Дебюсси, несомненно, был тронут необычностью текста, религиозным сюжетом. Он восхищался «Парсифалем» и не скрывал этого, хотя был весьма недоволен либретто этой оперы, а в хоре детских голосов находил «фальшивые красоты, которые с трудом сойдут за детскую наивность». Используя сюжет еще более сомнительный, чем у Вагнера, Дебюсси достигает синтеза. Вся партитура выдержана в возвышенном тоне. Дважды возникающий образ Христа (темы Страстей и Доброго Пастыря), открытие врат Рая и следующее за этим небесное пение займут место среди прекраснейших страниц религиозной музыки. Строгость, к которой тяготеет Дебюсси, начиная с «Иберии», принесла свои плоды: облегченность оркестрового состава и гармонической ткани, тонкость инструментовки придают сочинению прозрачность витража. Музыка для театра и музыка духовная: очевидно, и то и другое требовало от автора самоотверженности и концентрации, присущих глубинным поискам Малларме или Валери.

Все последние пьесы Дебюсси сочинены в 1915 г.
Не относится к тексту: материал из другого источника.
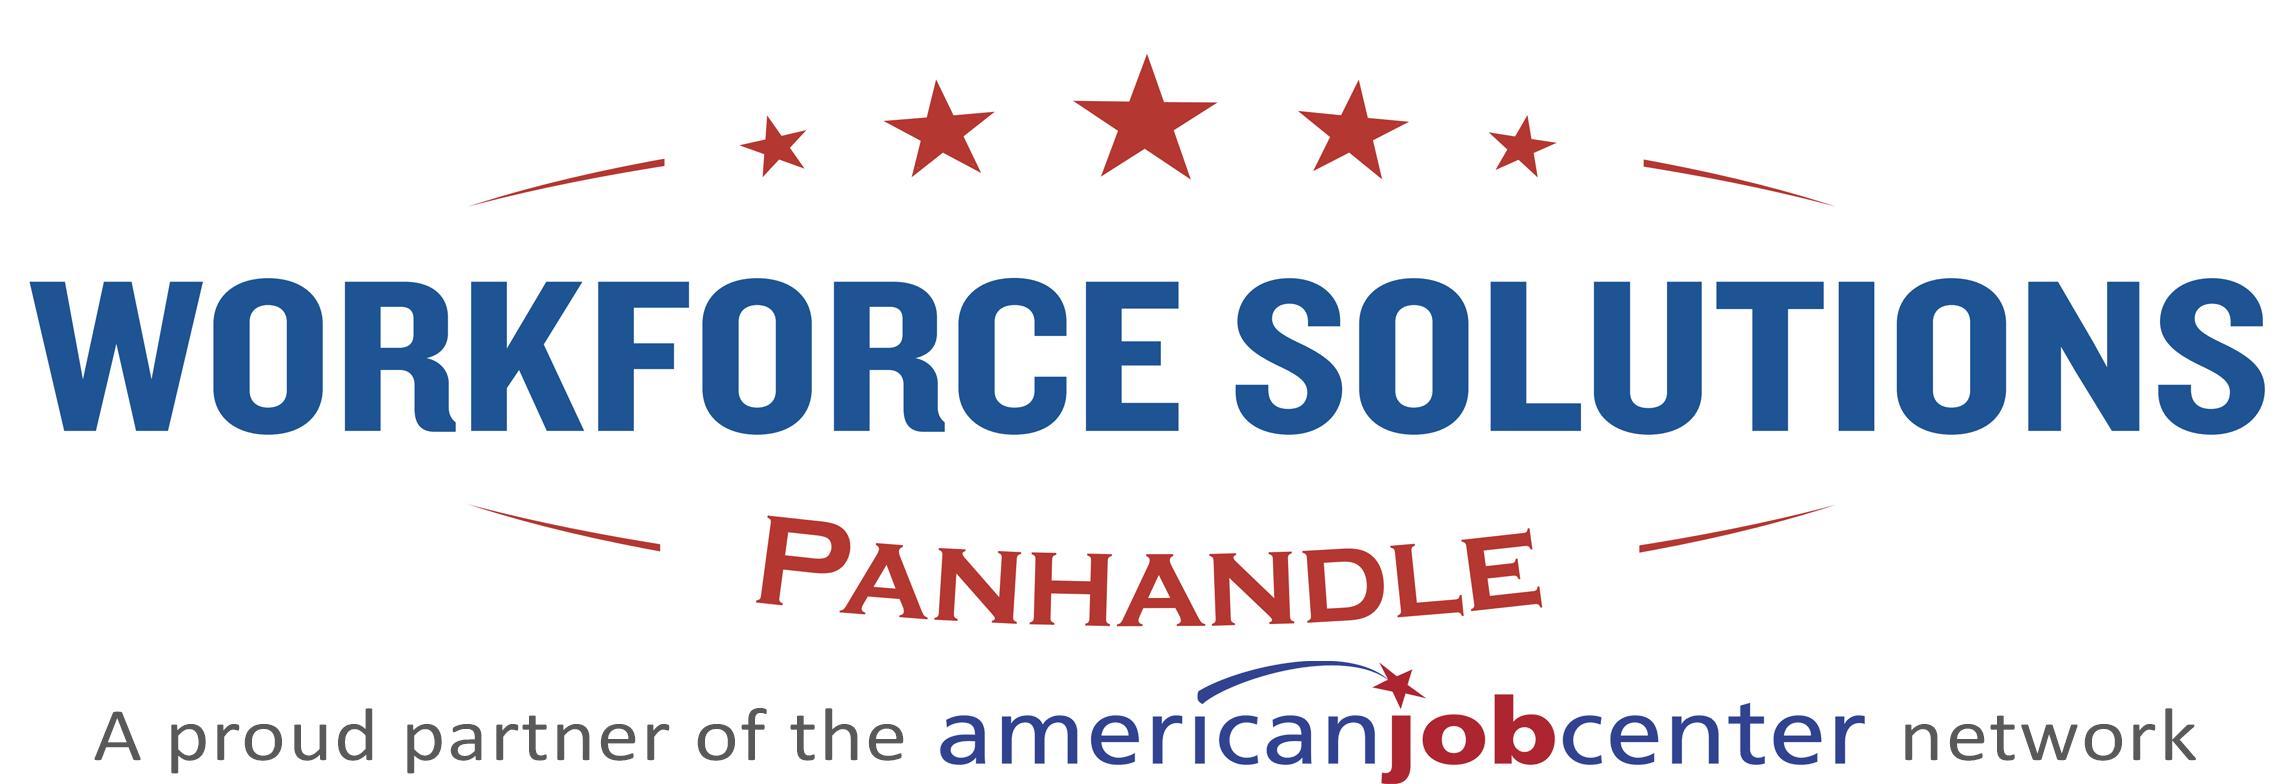 Workforce Solutions Panhandle

Сюита для двух фортепиано «Белым и черным», как и «Мученичество», воплощает разреженность пронизанной светом материи. «12 фортепианных этюдов», последовательно восходя по ступеням виртуозности, подчинены замыслу, уже осуществленному в области симфонической музыки (балет «Игры»): достигнуть чистой сонорности. Зная, сколь важное место отведено в его партитуре «неслышимому», Дебюсси дерзнул написать: «изощреннейший из японских эстампов — детская игра по сравнению с графикой некоторых моих страниц». Удивительное заключение всего фортепианного творчества композитора, ретроспективно многое в нем объясняющее, — ведь именно на клавиатуре ставил Дебюсси свои первые эксперименты по «музыкальной химии».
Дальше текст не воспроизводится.